Dataset content:
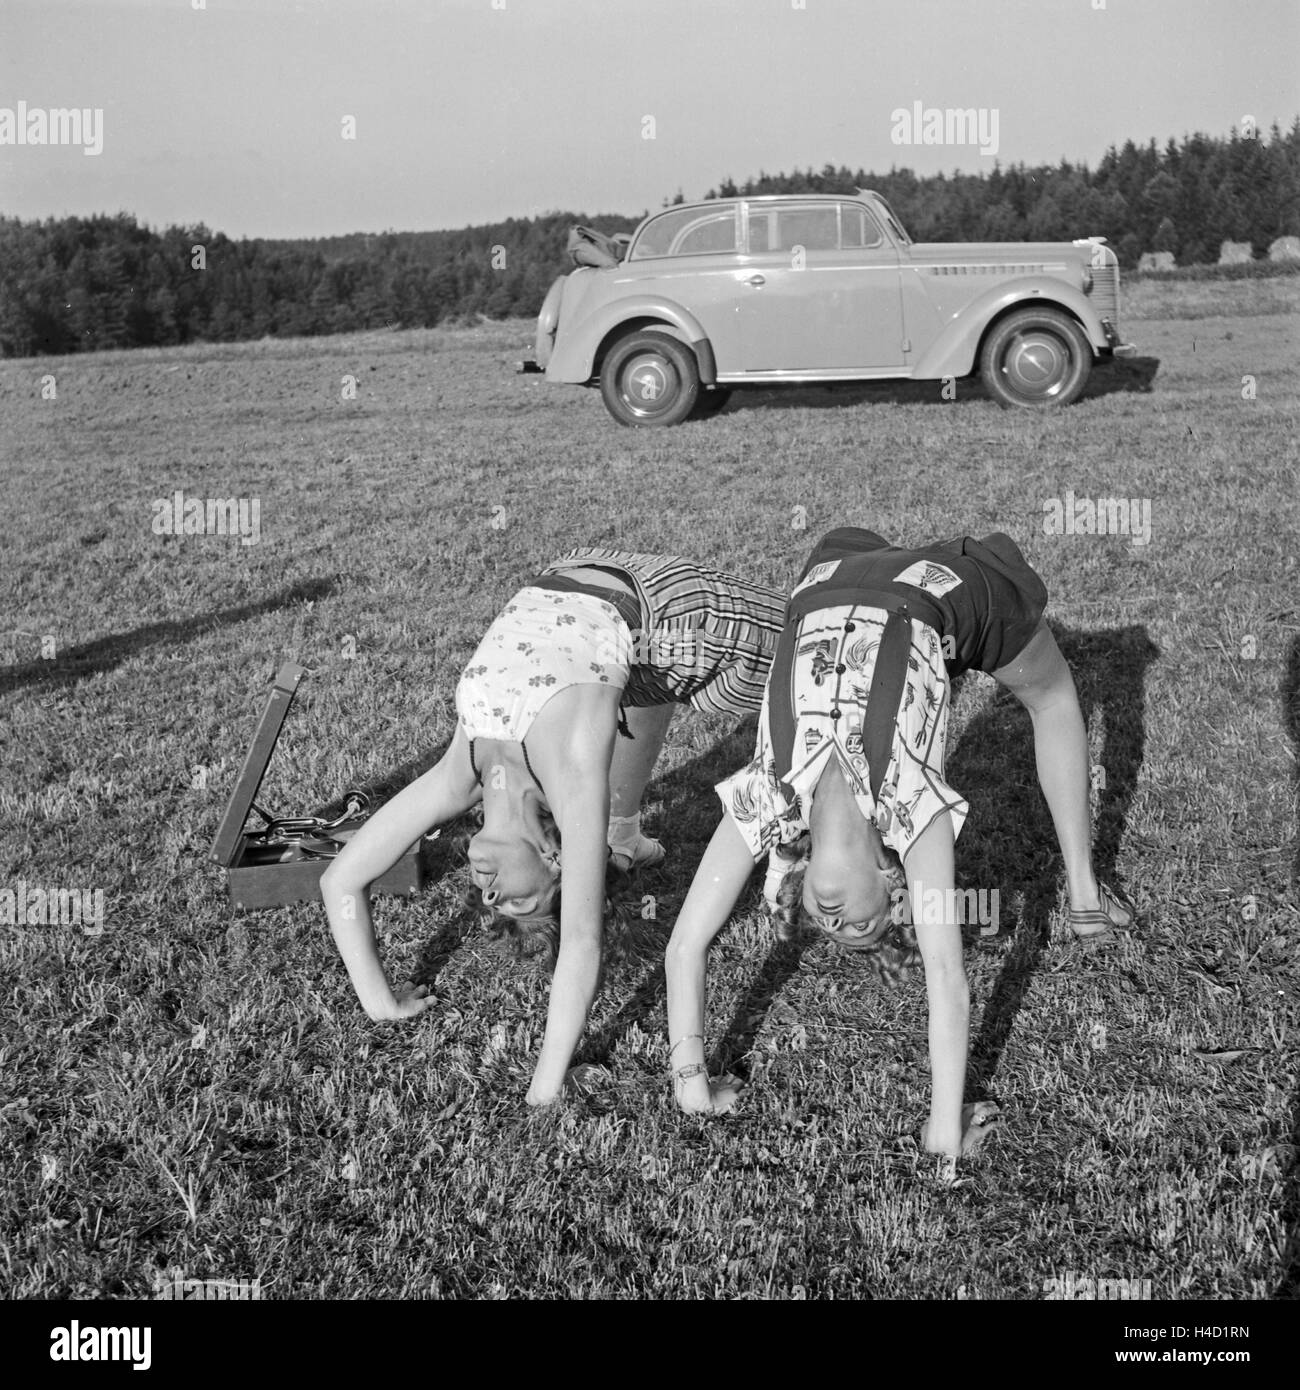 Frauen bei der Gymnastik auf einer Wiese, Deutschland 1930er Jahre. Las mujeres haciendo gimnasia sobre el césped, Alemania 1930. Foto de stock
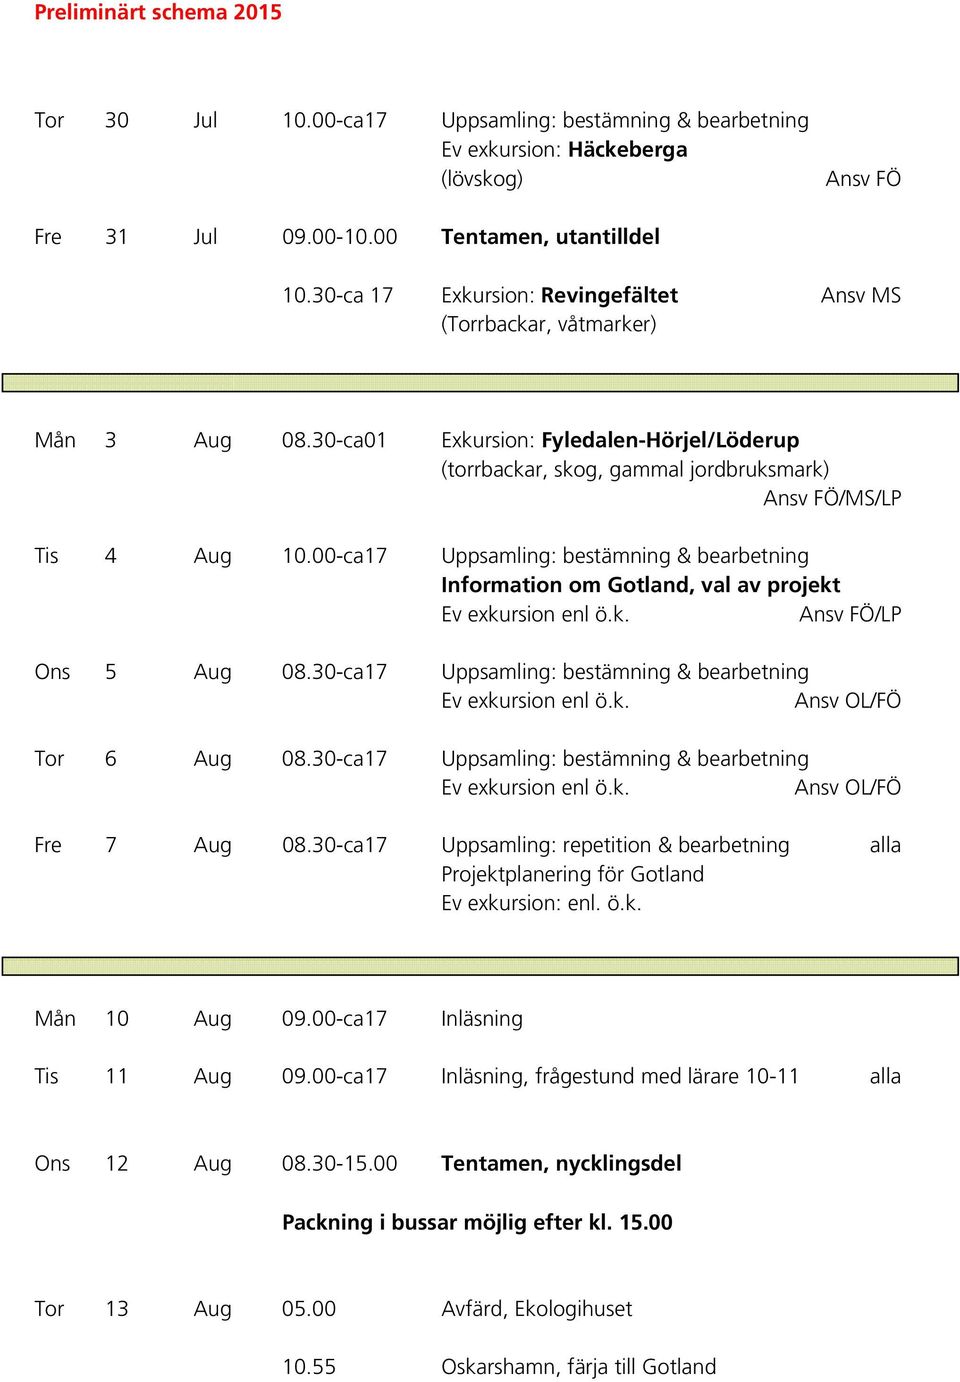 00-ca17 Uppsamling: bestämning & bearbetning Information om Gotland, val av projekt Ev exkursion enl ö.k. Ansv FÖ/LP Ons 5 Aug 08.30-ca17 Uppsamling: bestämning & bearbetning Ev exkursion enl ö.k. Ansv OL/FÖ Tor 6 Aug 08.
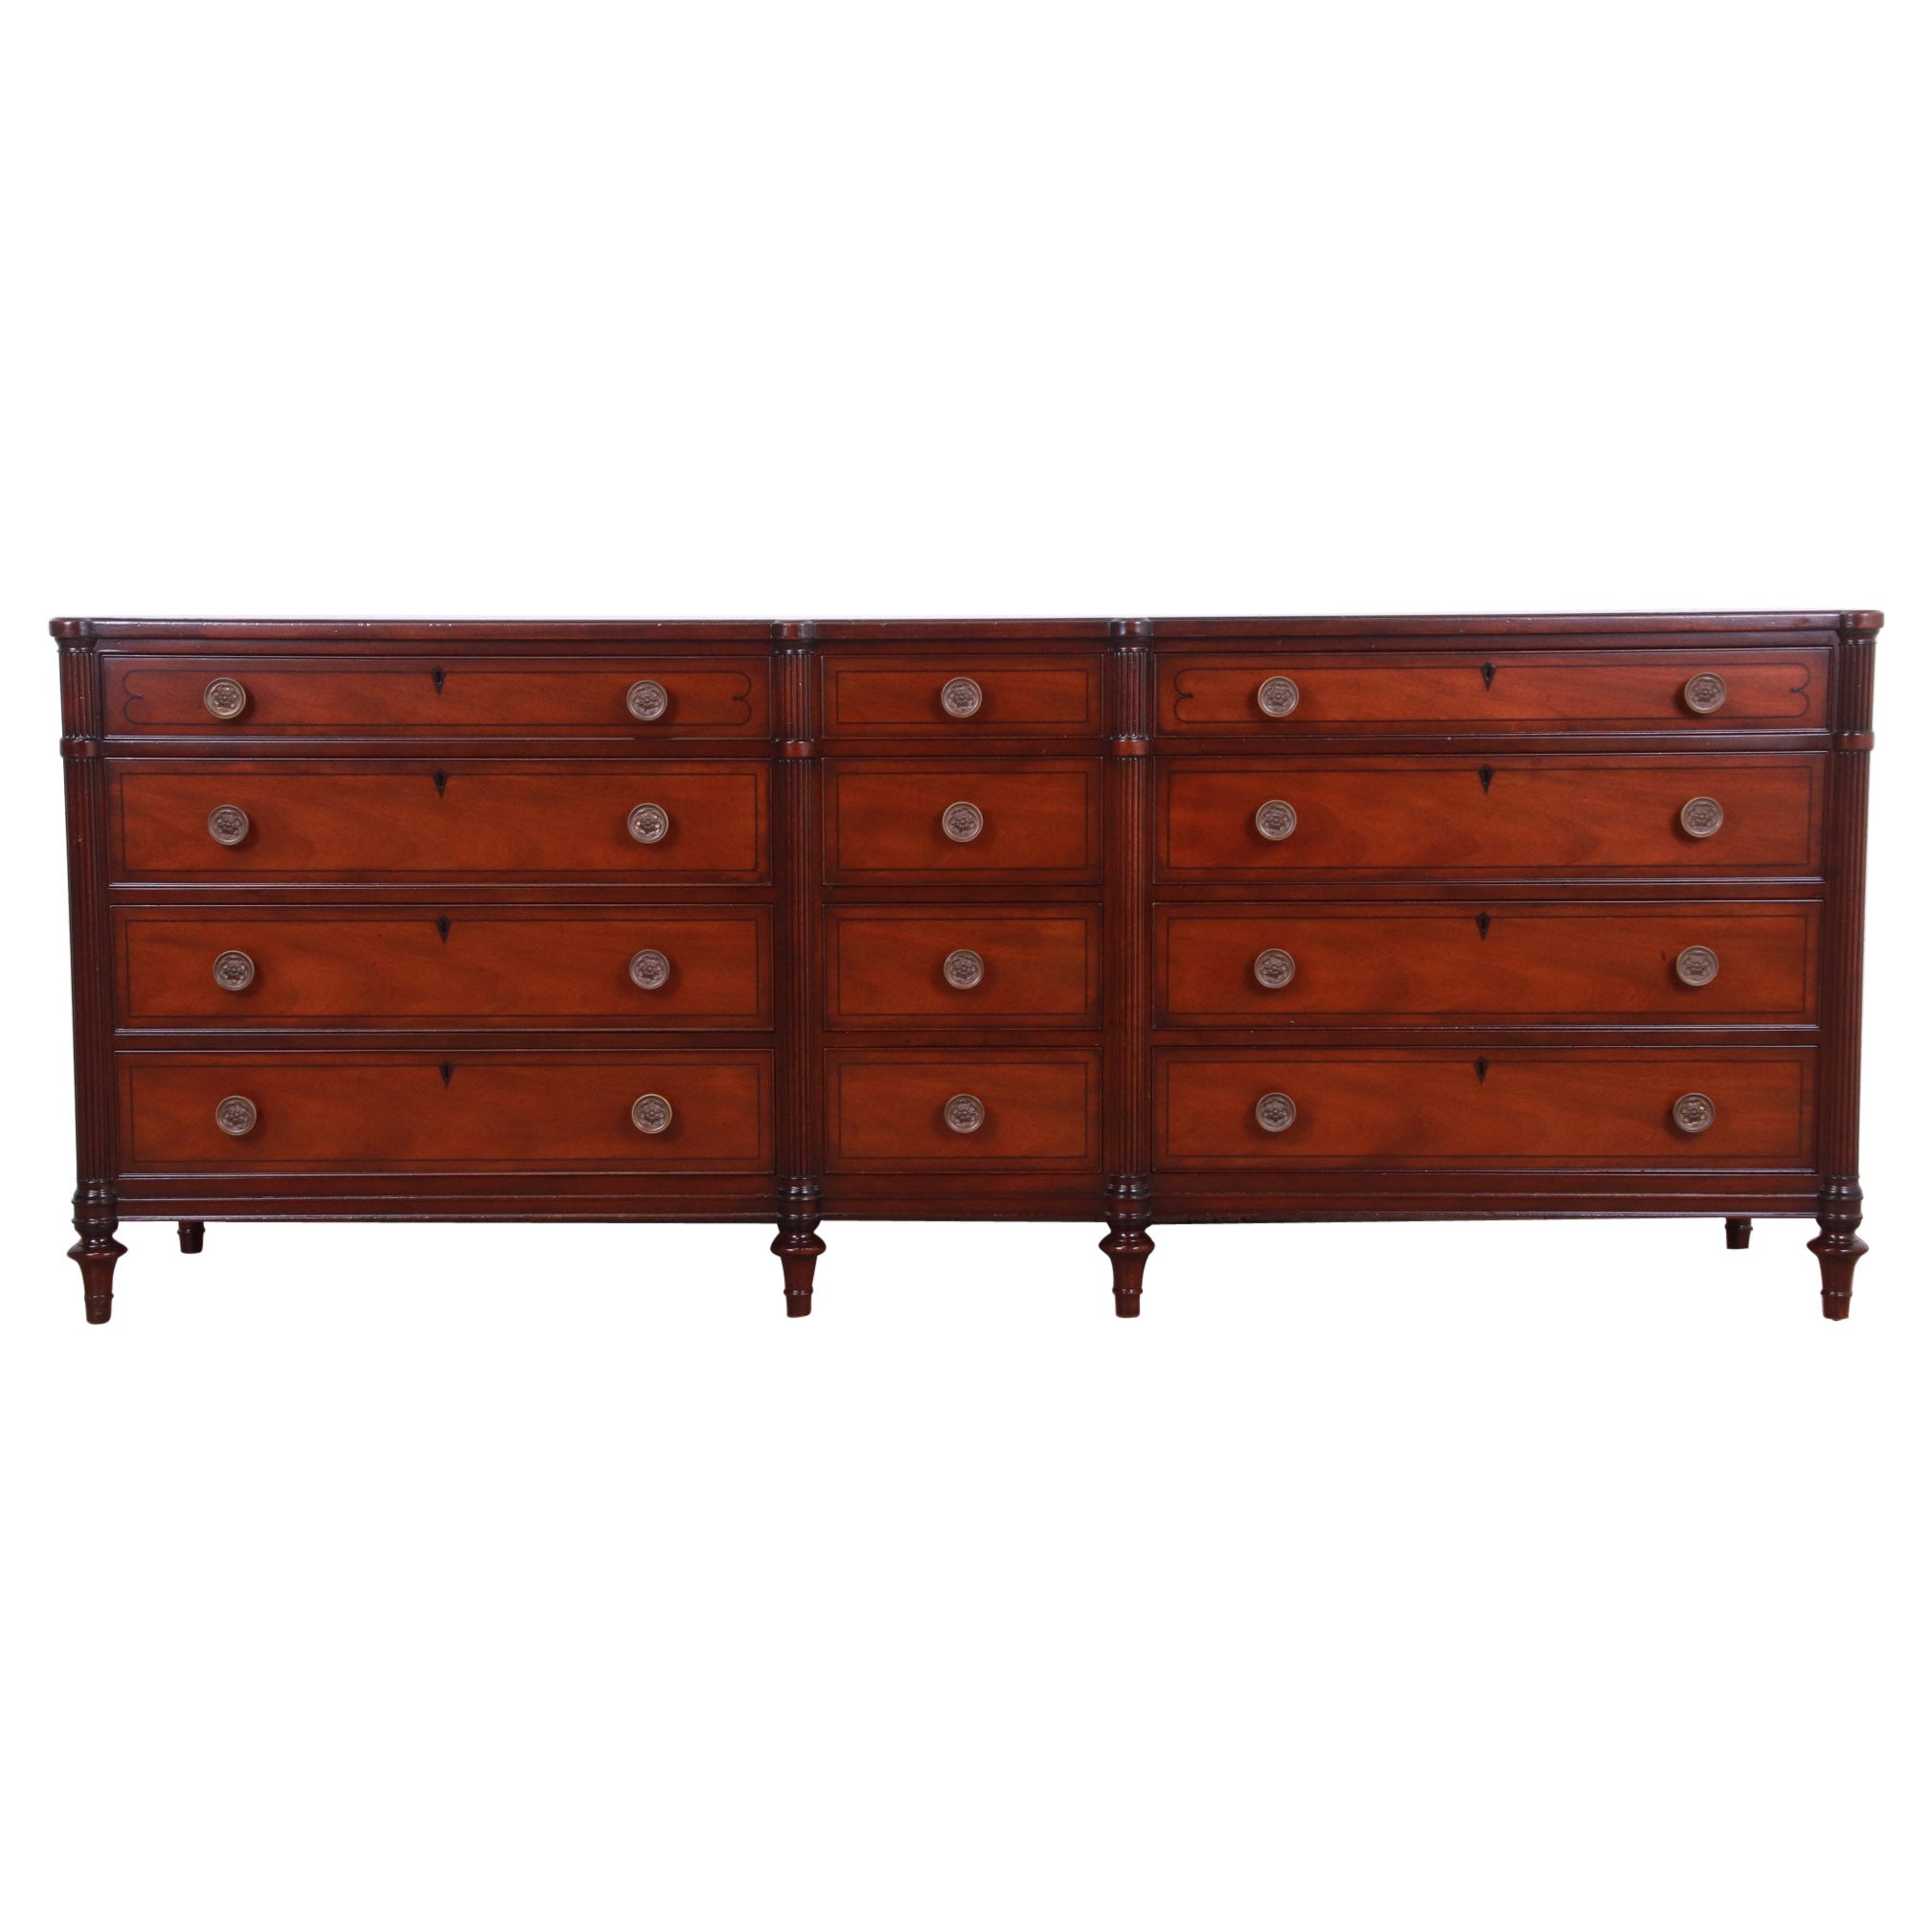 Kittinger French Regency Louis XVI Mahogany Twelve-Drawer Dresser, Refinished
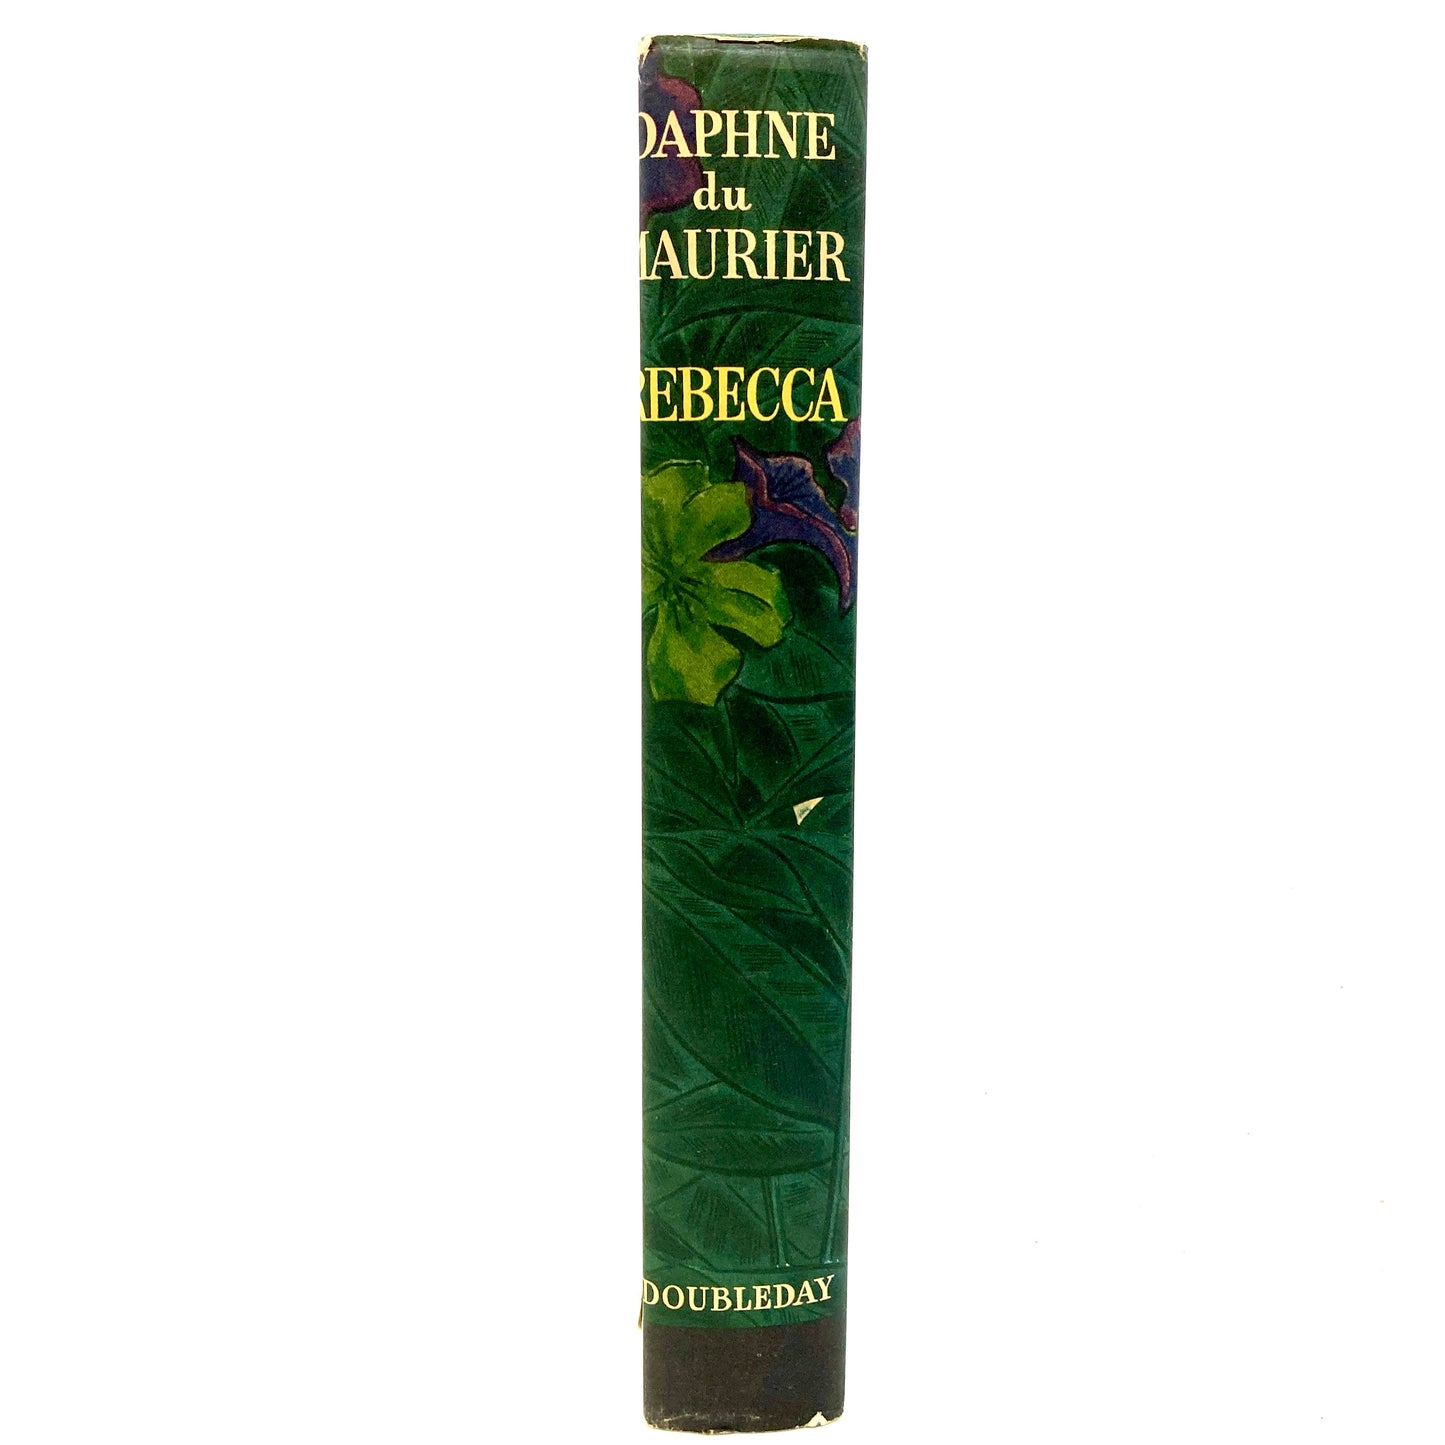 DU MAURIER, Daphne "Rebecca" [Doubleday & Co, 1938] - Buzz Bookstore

Task statement:
Would you return the material above exactly, apart from its pictures?

Answer to the exercise:
 Frauen bei der Gymnastik auf einer Wiese, Deutschland 1930er Jahre. Las mujeres haciendo gimnasia sobre el césped, Alemania 1930. Foto de stock
 00-ca17 Uppsamling: bestämning & bearbetning Information om Gotland, val av projekt Ev exkursion enl ö.k. Ansv FÖ/LP Ons 5 Aug 08.30-ca17 Uppsamling: bestämning & bearbetning Ev exkursion enl ö.k. Ansv OL/FÖ Tor 6 Aug 08.
 Kittinger French Regency Louis XVI Mahogany Twelve-Drawer Dresser, Refinished
 DU MAURIER, Daphne "Rebecca" [Doubleday & Co, 1938] - Buzz Bookstore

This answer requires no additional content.